* [Goal of the exercise] In the listing below, transcribe the line that contains "Treatment: Non" and all lines following it, ending with the last line. Add nothing.

* [Information provided]

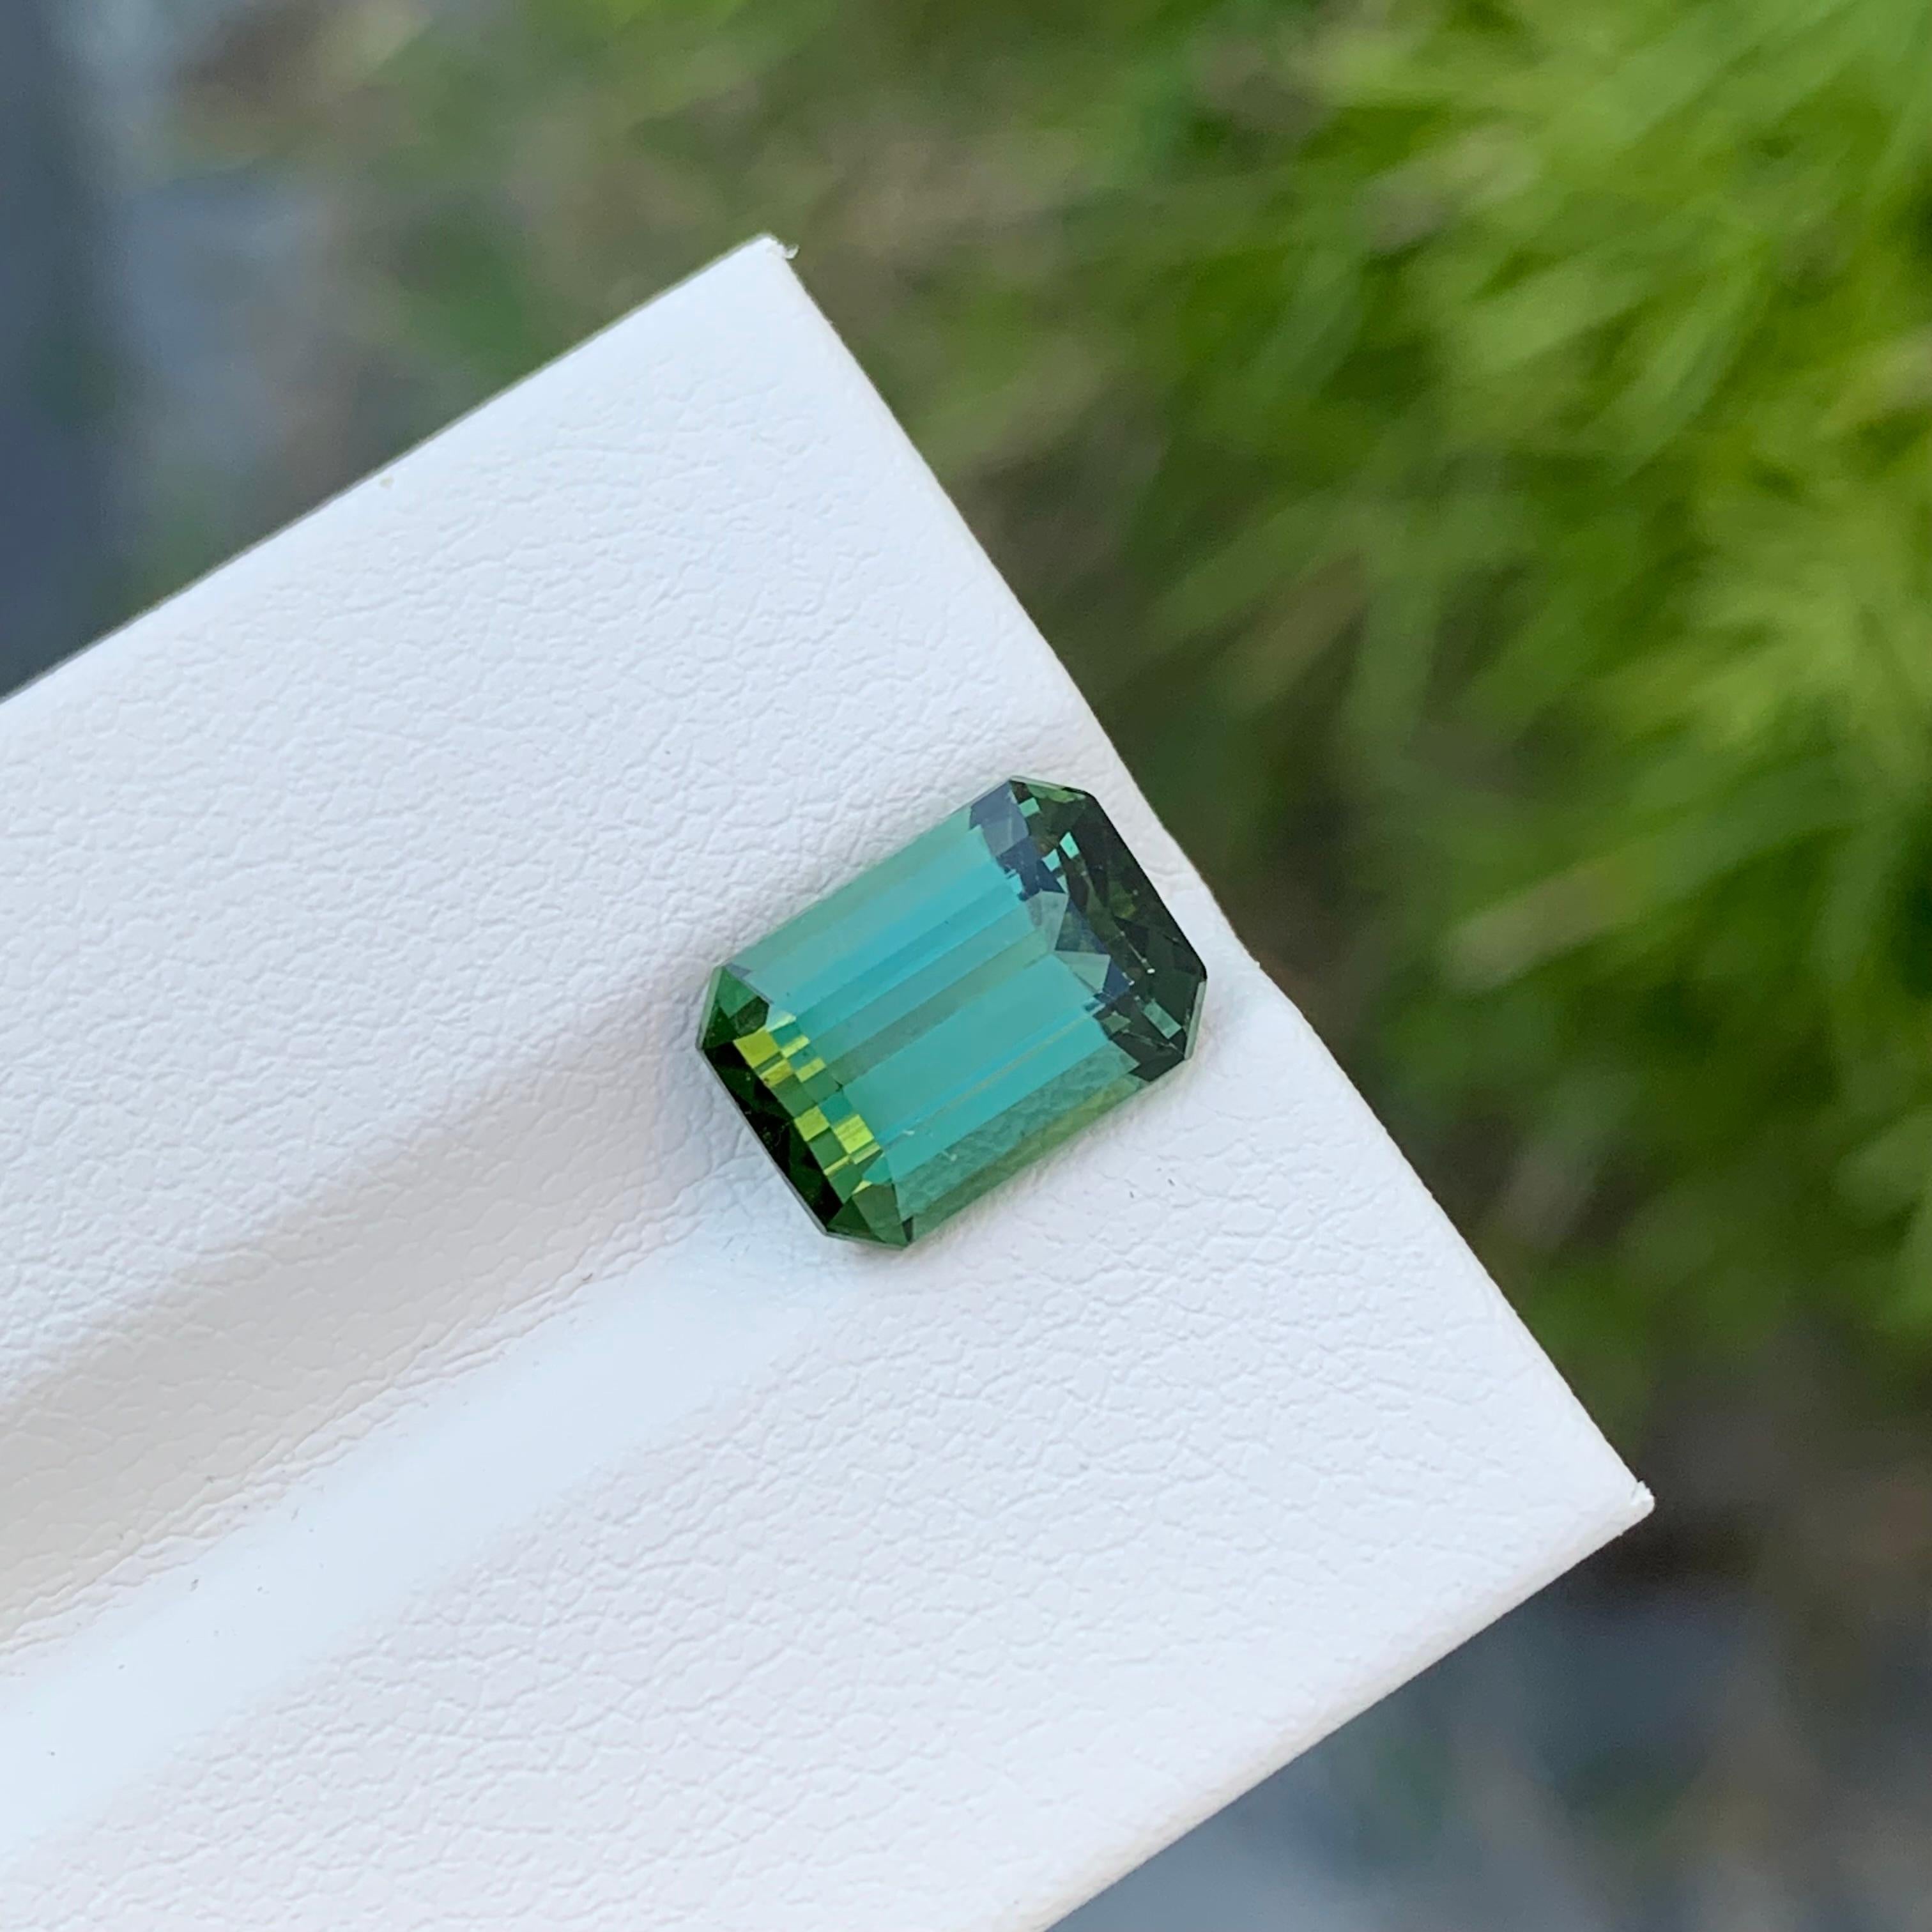 Loose Bright Green Tourmaline

Weight: 3.40 Carats
Dimension: 10 x 7.1 x 5.6 Mm
Colour: Green
Origin: Afghanistan
Certificate: On Demand
Treatment: Non

Tourmaline is a captivating gemstone known for its remarkable variety of colors, making it a

* [Answer section]
Treatment: Non

Tourmaline is a captivating gemstone known for its remarkable variety of colors, making it a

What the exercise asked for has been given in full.